Nationwide Credit extends 10 ¼% '08 exchange offer

NCI Holdings, Inc. and Nationwide Credit, Inc. (Ca) said Friday (July 12) that they had extended their pending offer to exchange all of Nationwide's outstanding 10¼% Senior Notes due 2008 for common stock of NCI Holdings, Inc. The Kennesaw, Ga.-based financial services company said the offer - which had not been publicly announced previously - is now scheduled to expire at 5 p.m. ET on July 19. Nationwide said that to date, it has received tenders of senior notes from the holders of approximately 67.9% of the outstanding notes under the terms of the exchange offer. The transaction is being handled by State Street Bank and Trust Co., the depository for the offer as well as trustee for the notes.

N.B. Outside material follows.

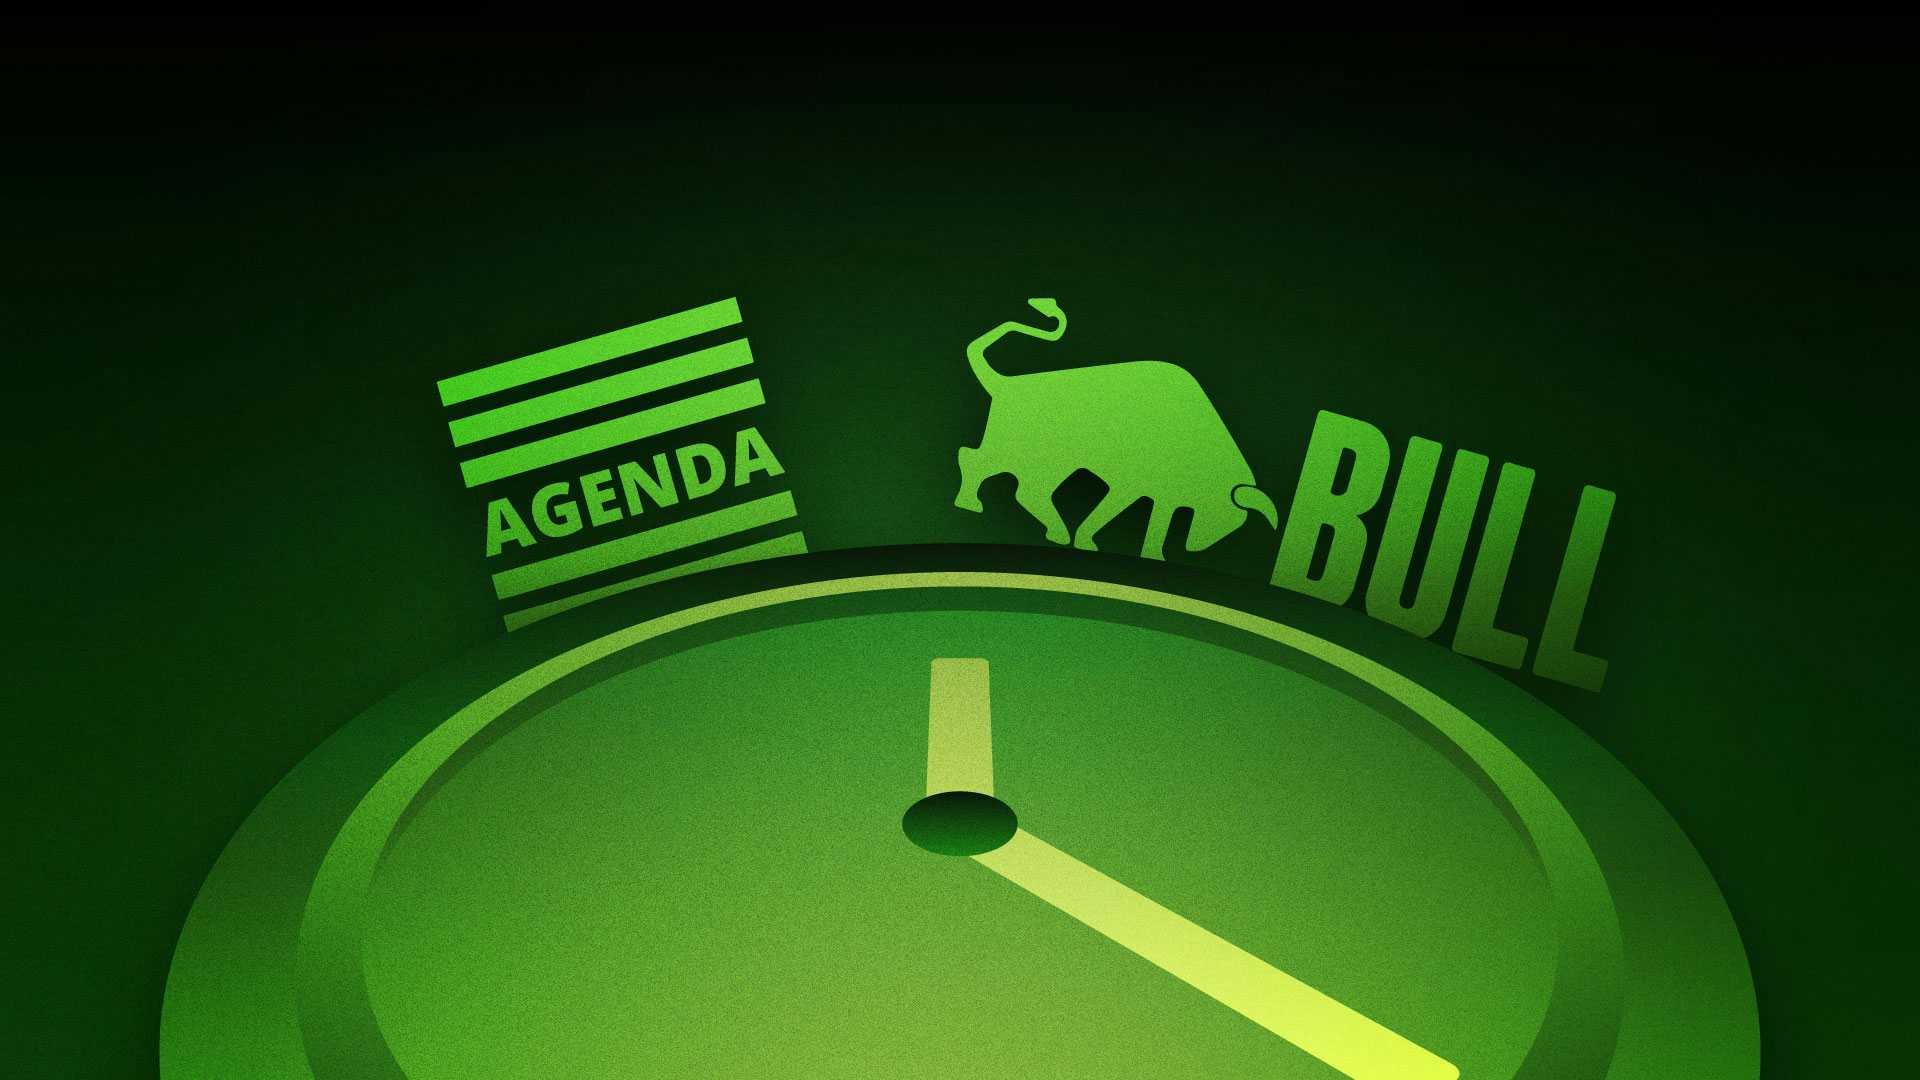 Job Schedulers for Node: Bull or Agenda?

Clarent Hospital calls remaining 11½% '05 notes

Clarent Hospital Corp. said Thursday (July 11) that it has given The Bank of New York, as Trustee for the notes, notice that it plans to redeem the remaining outstanding $19.712 million of its 11½% notes due 2005 (out of the $130 million originally issued) on Aug. 15. The notes will be redeemed at a price of 105.75% of par ($1,057.50 per $1,000 principal amount). After Aug. 15 the senior notes will cease to accrue any further interest. Clarent, a Houston-based hospital operator, said as part of its release of financial results for the quarter ended March 31 that as the result of its change-of-control offer to purchase the 11½% notes (which ended on March 15) that it had repurchased $2.326 million of the notes at 101% of par. Clarent said that it subsequently repurchased an aggregate of $107.962 million of the senior notes in privately negotiated transactions initiated by a small number of institutions that held large blocks of senior notes, for a total consideration of approximately $117.279 million, leaving the $19.712 million being called still outstanding.